Юнг чувствовал, что жизнь в настоящем времени, где надо ходить на работу, посвящать время семье, общаться с соседями, наводить мосты в научном сообществе, имеет настолько мало точек пересечения с миром, где он может изучать суть вещей, искать смысл символов, исследовать алхимические свойства материи, постигать смысл и предназначение архетипов; что не ясно где же должна быть точка опоры. Это чувство раздвоенности преследовало его до конца жизни.

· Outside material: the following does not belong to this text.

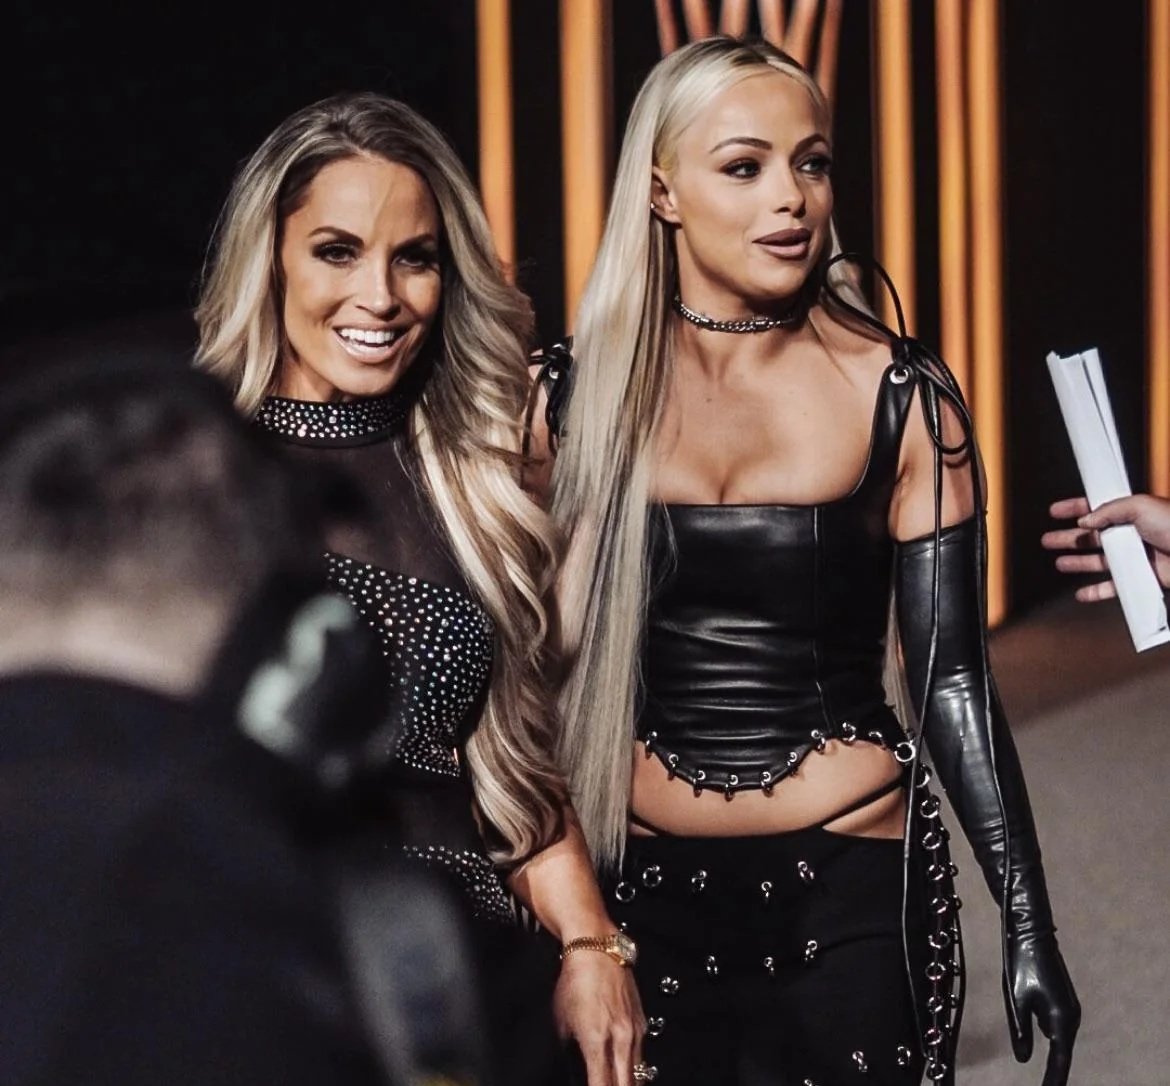 The Then and Now of women's wrestling in WWE! Trish Stratus & Liv Morgan in one frame! I bet Trish Stratus is on the LMRT @YaOnlyLivvOnce @trishstratuscom 

#SmackDown #WWERaw #WWEHOF #WWENXT #Wrestling

Или иной пример, снова из моего любимого мира сказок. Это небольшой фрагмент сказки о Ходже Насреддине, Гуру-Изгнаннике, в тот момент его жизни, когда Ходжа отказался от своего Пути и смысла прежней жизни, обзавелся семьей, но так и не ощутил своего места.
“... вечер всегда и безраздельно принадлежал ему. Семья ужинала без хозяина; он в это время сидел в одной окраинной чайхане на берегу Сыр-Дарьи.
Это была самая убогая, самая грязная во всем Ходженте чайхана, посещаемая только нищими, ворами, бродягами и прочим городским сбродом. Но зато здесь Ходжа Насреддин чувствовал себя в безопасности.
Чадно дымили плошки с бараньим жиром. Рябой чайханщик – скупщик краденого, с перебитым носом и бесстыдно задранными дырами ноздрей, суетился перед кипящими кумганами. Скоро начинали собираться и гости. Наполняя воздух отвратительной вонью своих невероятных лохмотьев, происхождение которых не взялся бы определить даже сам верховный вождь цыганских племен люли, в тюбетейках, засаленных до того, что их можно было поджаривать, горбатые, хромые, слепые, расслабленные, с жилами, пораженными трясучкой, в коросте и язвах, с палками и на костылях, гости со всех сторон ползли в чайхану и с криками, бранью, спорами начинали обсуждать дневные дела, свои грошовые удачи и промахи. Глядя на всю эту голытьбу, копошащуюся в тусклом свете коптилок, Ходжа Насреддин горько думал: «Вот все, что осталось мне от большого и прекрасного мира!»
А мир лежал перед ним – широкий, просторный, открытый во все концы… Заря меркла, сумерки сгущались, затихшая река дышала прохладной свежестью – мир покорялся ночи, и звезды, разгораясь, все чище, ярче, отдалялись от сквозной воздушной черноты неба и тянули к земле дрожащие хрустальные нити – «струны ангелов», как сказал бы Хафиз.”
Гуру как правило, силен в наблюдении скрытых закономерностей, формировании собственной устойчивой философии, набора жизненных принципов. Гуру мог бы купаться в заслуженном уважении тех, кого он увлек своими идеями, найти себе место в кругу единомышленников. Однако, вкупе с болевым настоящим, способность формулировать свою философию не приносит счастья. Гуру чувствует себя ненужным, изгнанным, отделенным от реального мира. Для его быть счастливым и следовать верным Путём - две взаимоисключающие альтернативы. Гуру кажется что силы потраченные на связь с людьми бесполезны с точки зрения истинного пути, но полностью отречься от желания быть любимым и уважаемым, иметь успех, статус, он все равно не может. Его судьба - трагический баланс между двумя жизнями, ни одна из которых его не устраивает.
Надеюсь, что описанный конфликт тронет тебя хотя бы чуточку и ты не будешь низводить его до “социального” уровня.